First, the quadratic model:
Estimate Std. Error t value Pr(>|t|)
(Intercept) 0.03363 0.03046 1.104 0.27130
x1 0.92188 0.04081 22.592 < 2e-16 ***
x2 1.05208 0.04085 25.756 < 2e-16 ***
I(x1^2) 0.06776 0.02157 3.141 0.00204 **
Residual standard error: 0.2651 on 146 degrees of freedom
Multiple R-squared: 0.9812, Adjusted R-squared: 0.9808
The quadratic term is significant. Its coefficient, 0.068, underestimates β1,2=0.1, but it's of the right size and right sign. As a check for multicollinearity (correlation among the predictors) we compute the variance inflation factors (VIF):
x1 x2 I(x1^2)
3.531167 3.538512 1.009199
Any value less than 5 is usually considered just fine. These are not alarming.
Next, the model with an interaction but no quadratic term:
Estimate Std. Error t value Pr(>|t|)
(Intercept) 0.02887 0.02975 0.97 0.333420
x1 0.93157 0.04036 23.08 < 2e-16 ***
x2 1.04580 0.04039 25.89 < 2e-16 ***
x1:x2 0.08581 0.02451 3.50 0.000617 ***
Residual standard error: 0.2631 on 146 degrees of freedom
Multiple R-squared: 0.9815, Adjusted R-squared: 0.9811
x1 x2 x1:x2
3.506569 3.512599 1.004566
All the results are similar to the previous ones. Both are about equally good (with a very tiny advantage to the interaction model).

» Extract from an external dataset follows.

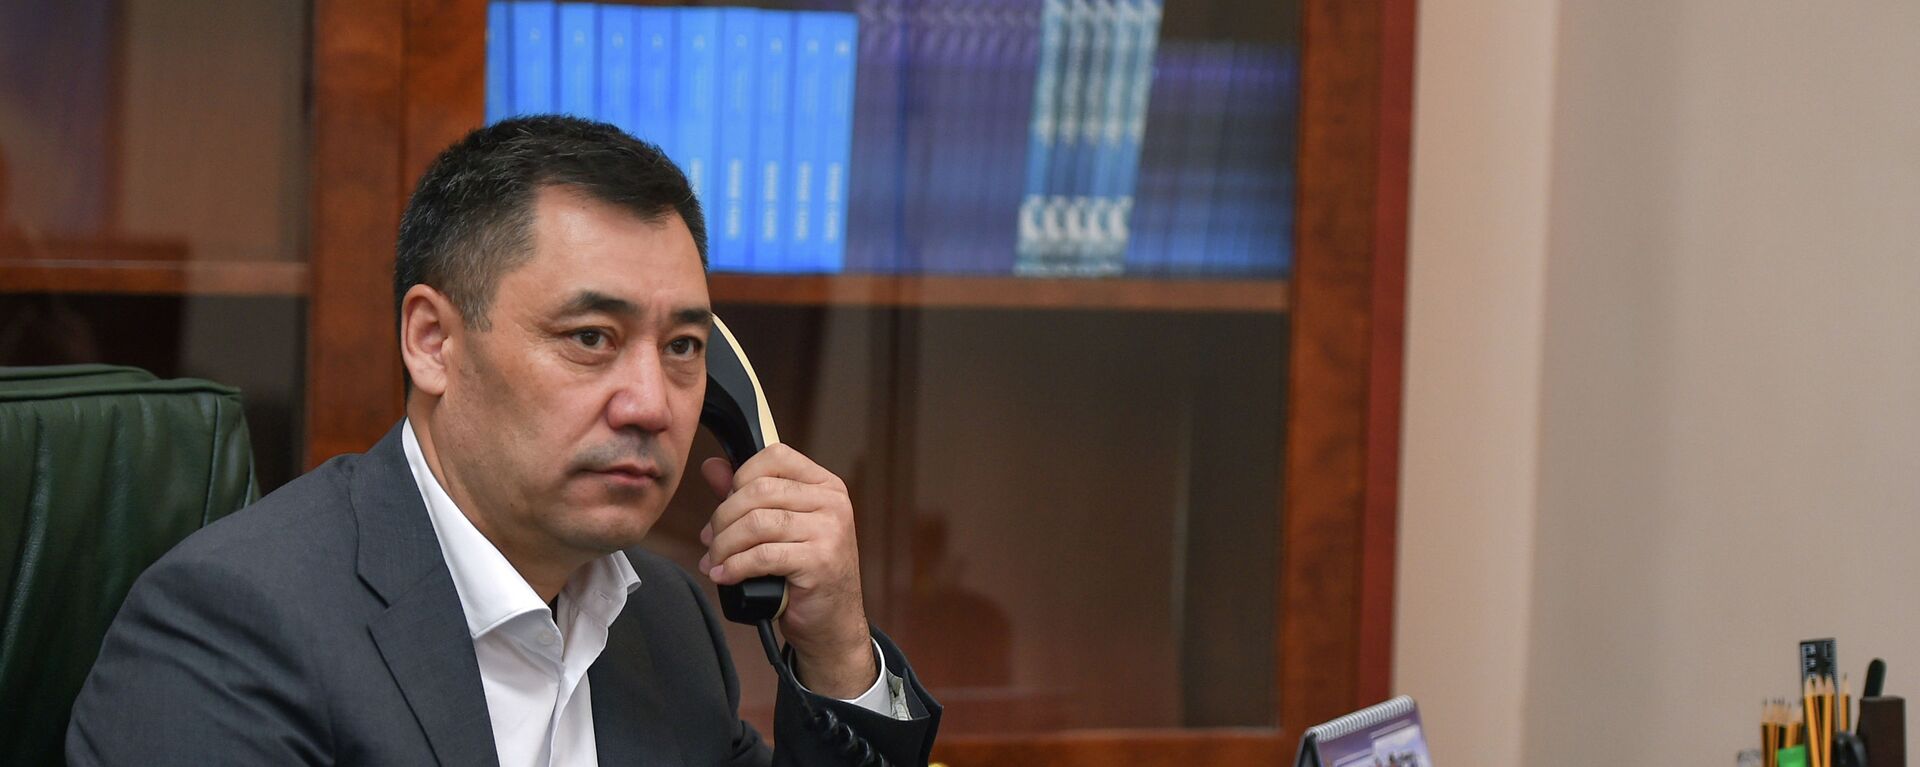 Президент Кыргызстана Садыр Жапаров во время телефонного разговора.  Архивное фото - Sputnik Кыргызстан, 1920, 30.04.2021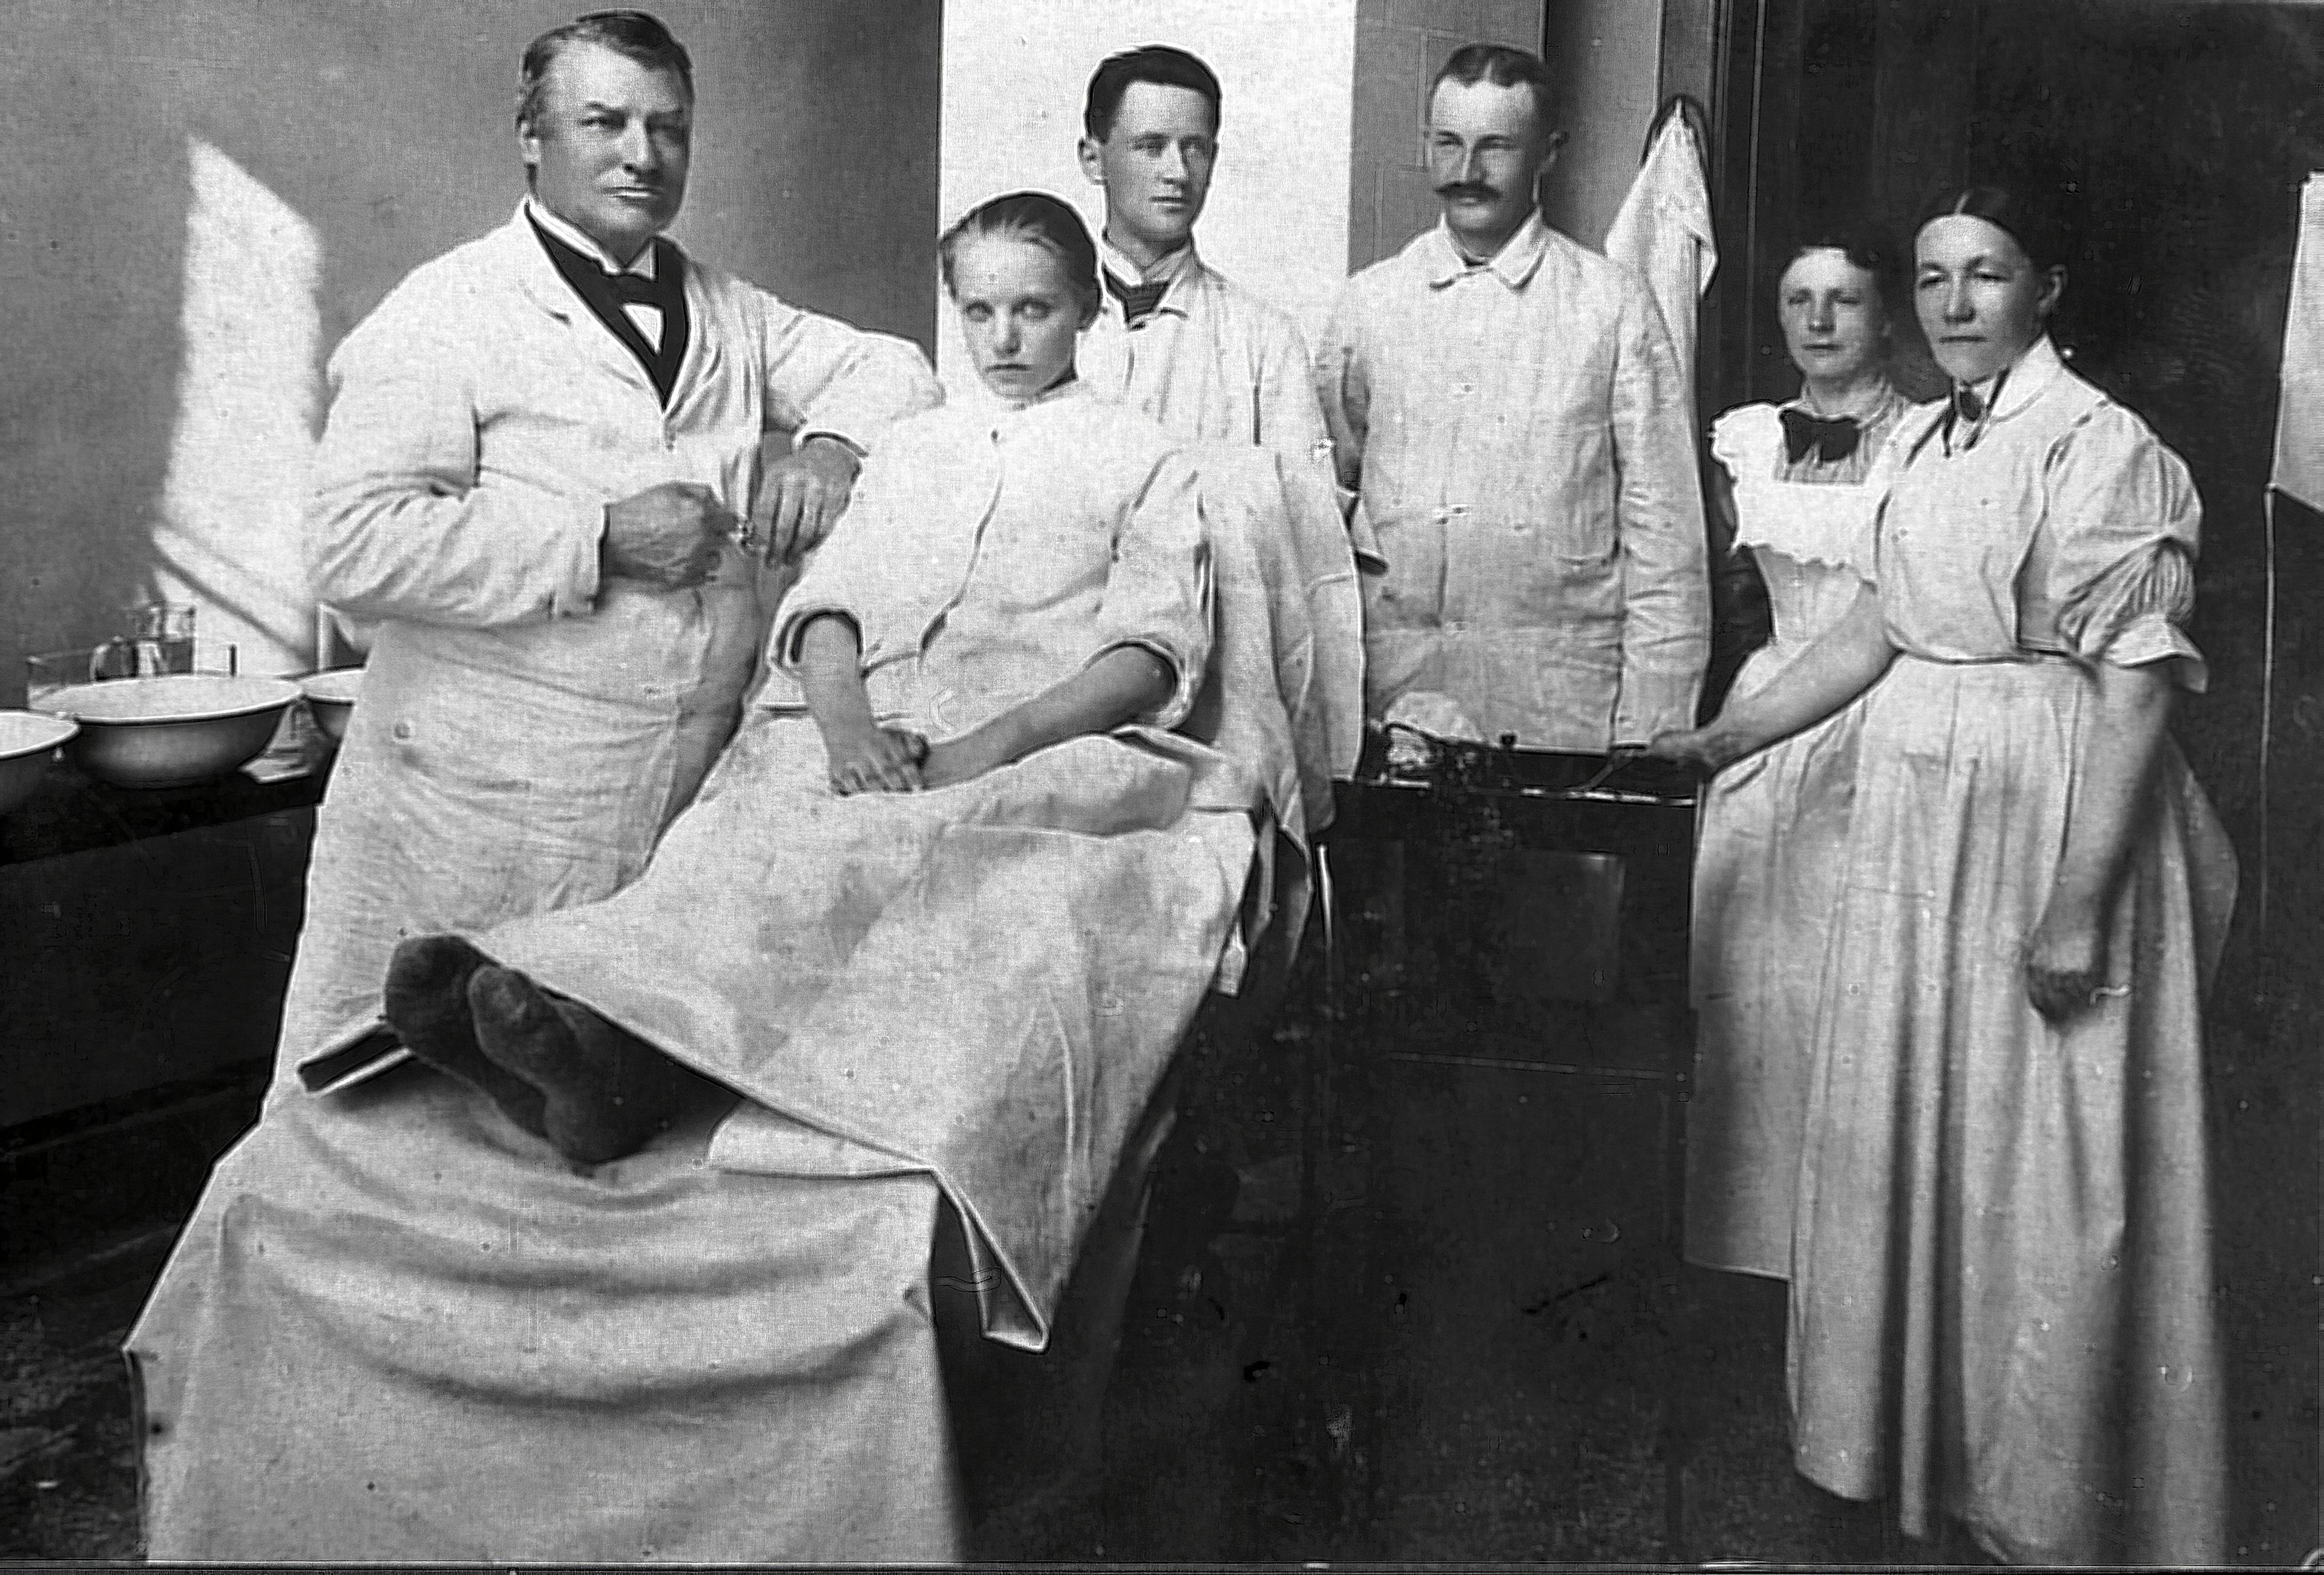 En ung pige gøres klar til operation. P.W. Heiberg ses længst til venstre. Længst til højre ses hans oversygeplejerske gennem mange år, frøken Olsen Nørskov (Viborg Museum).

Finally, let's include both the interaction and quadratic terms:
Estimate Std. Error t value Pr(>|t|)
(Intercept) 0.02572 0.03074 0.837 0.404
x1 0.92911 0.04088 22.729 <2e-16 ***
x2 1.04771 0.04075 25.710 <2e-16 ***
I(x1^2) 0.01677 0.03926 0.427 0.670
x1:x2 0.06973 0.04495 1.551 0.123
Residual standard error: 0.2638 on 145 degrees of freedom
Multiple R-squared: 0.9815, Adjusted R-squared: 0.981
x1 x2 I(x1^2) x1:x2
3.577700 3.555465 3.374533 3.359040
Now, neither the quadratic term nor the interaction term are significant, because each is trying to estimate a part of the interaction in the model. Another way to see this is that nothing was gained (in terms of reducing the residual standard error) when adding the quadratic term to the interaction model or when adding the interaction term to the quadratic model. It is noteworthy that the VIFs do not detect this situation: although the fundamental explanation for what we have seen is the slight collinearity between X1 and X2, which induces a collinearity between X21 and X1X2, neither is large enough to raise flags.
If we had tried to detect the heteroscedasticity in the quadratic model (the first one), we would be disappointed:
In the loess smooth of this scatterplot there is ever so faint a hint that the sizes of the residuals increase with |X1|, but nobody would take this hint seriously.